Le refrescaré la memoria: fue acusado de abusar sexualmente de al menos dos de
sus monaguillos, pero cuando la denuncia se hizo pública el párroco en cuestión
desapareció. “Traslado a causa de motivos médicos”, le llamaron ustedes. Fue
absuelto de sus cargos por “falta de pruebas” y “prescripción del delito”.
El
anciano entrecerró los ojos tratando de acceder a algún confuso y lejano
recuerdo. Dolores supo que había tocado algún punto sensible y volvió a la
carga con desdén.
—Creo
recordar que fue usted quien se encargó de su defensa, ¿no es así? —otro
silencio, aún más tenso—. Pues bien… yo conocí bastante bien a Ignacio Ibarri
Devesa y estaba perfectamente sano hasta que se murió, hará cosa de dos años,
cuando se cayó por las escaleras, ebrio de vino.

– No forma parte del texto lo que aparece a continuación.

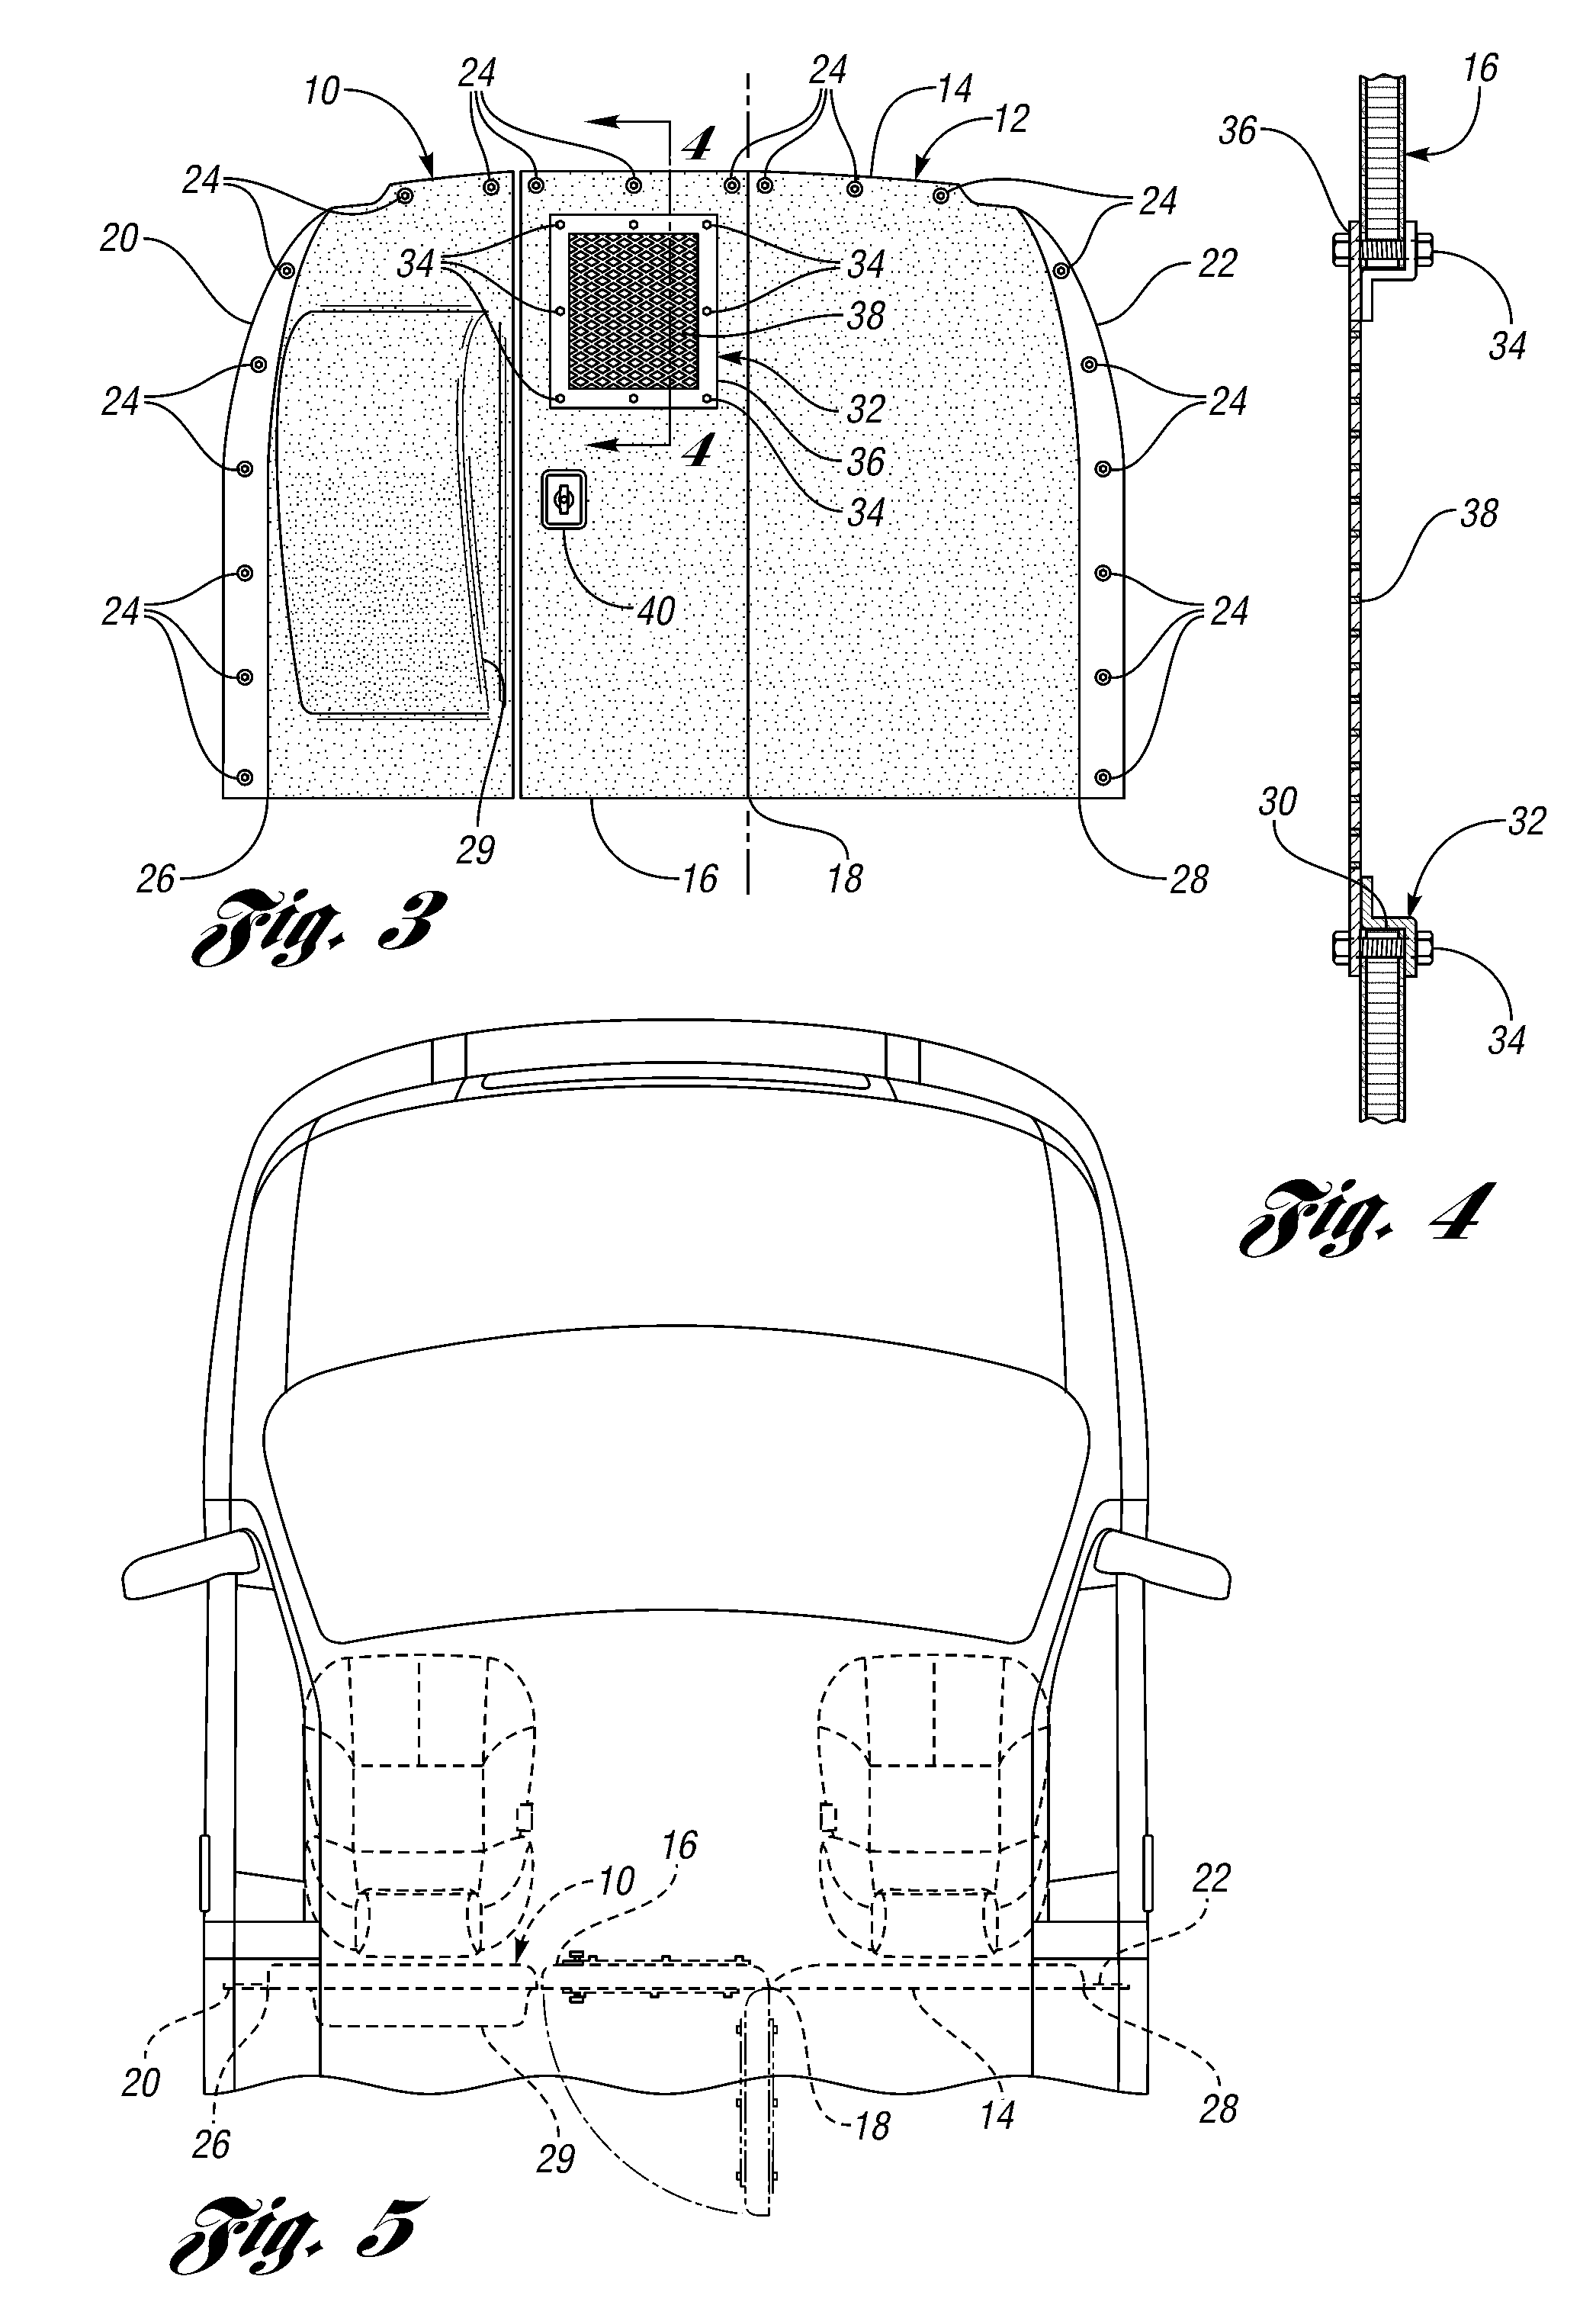 Kit and bulkhead assembly for cargo vehicles
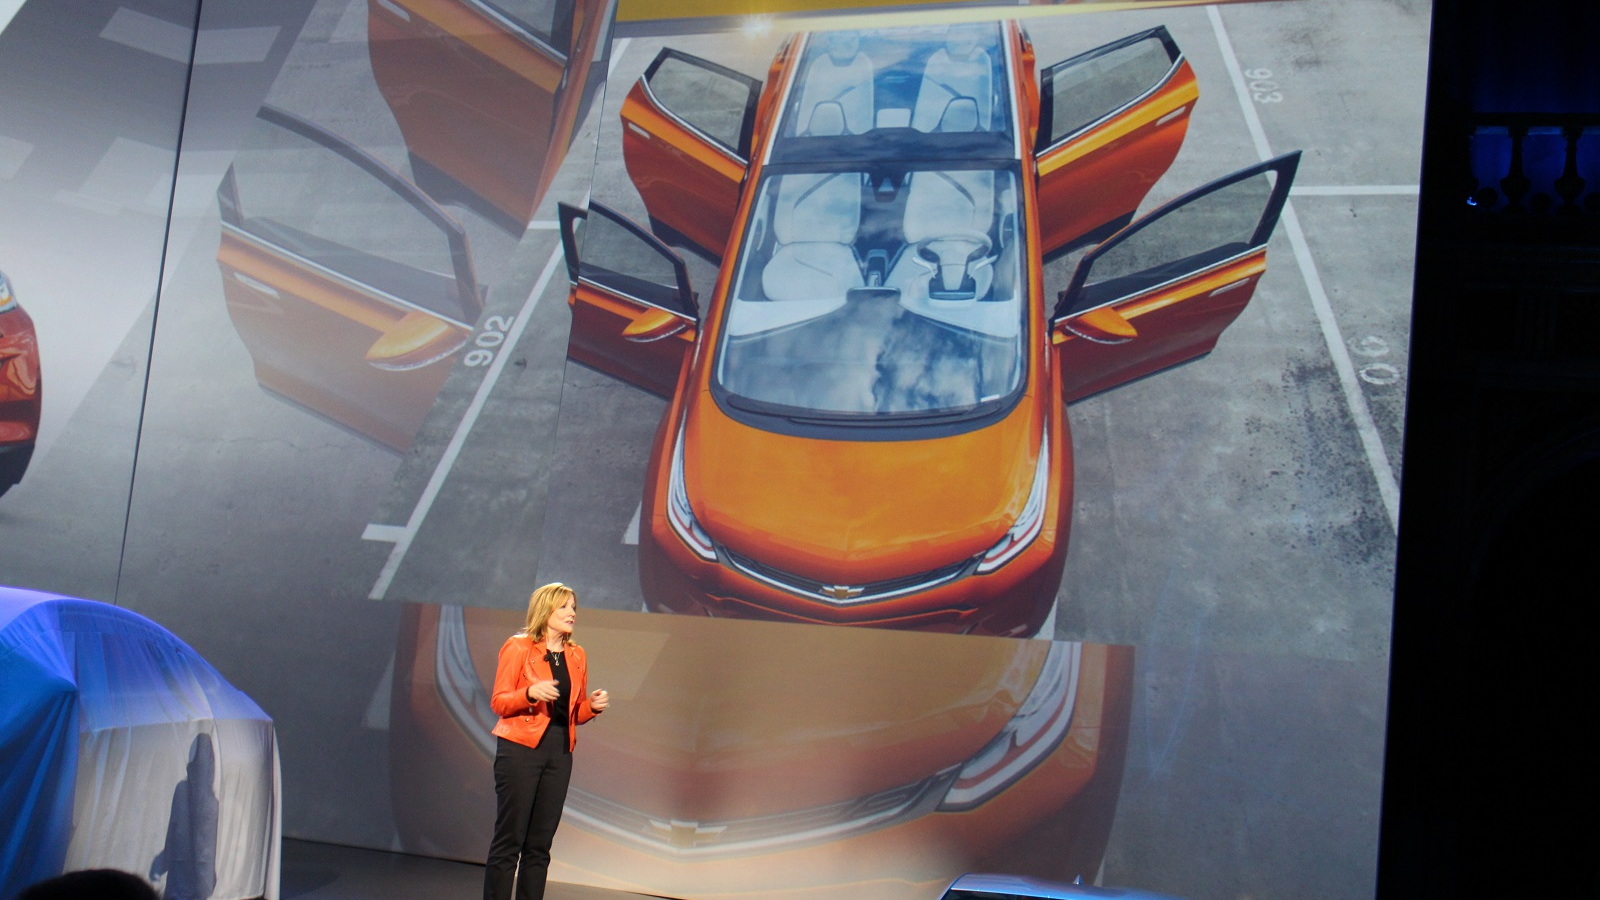 GM CEO Mary Barra and Chevy Bolt EV electric car image at 2016 Chevrolet Cruze launch, Jun 2015

Y no fueron dos los
monaguillos que pasaron por sus viciosas y depravadas manos; fueron más de
cuarenta, a lo largo de los veinte años que estuvo de pastor en Builla… No me
invento nada, señor Escabeche; sus propios labios fueron los que me relataron
la mayor parte de sus indecencias.
Se
produjo un vacío incómodo. Dolores podía sentir el latido de su agitada sangre
en la sien. El sacerdote acarició con la yema de los dedos un pequeño crucifijo
que le colgaba del cuello, como si el contacto con el frío metal pudiera
descargar la inmensa cólera que le empezaba a hormiguear como una corriente de
alta tensión. Trató de contener el incendiario enojo que amenazaba consumirle.
—No
siga por ese camino, señora Menguada. No nos corresponde a nosotros juzgar las
abominaciones de otros. Tenga usted en cuenta que nos vemos obligados a luchar
diariamente con el diablo y por desgracia, ocasionalmente, alguno de nuestros
pastores se pudre al contacto de sus maléficos influjos. Cuando esto ocurre y
uno de nuestros soldados en Cristo sucumbe ante los asquerosos encantos del
Maligno a nosotros solamente nos corresponde rezar por la salvación de su alma.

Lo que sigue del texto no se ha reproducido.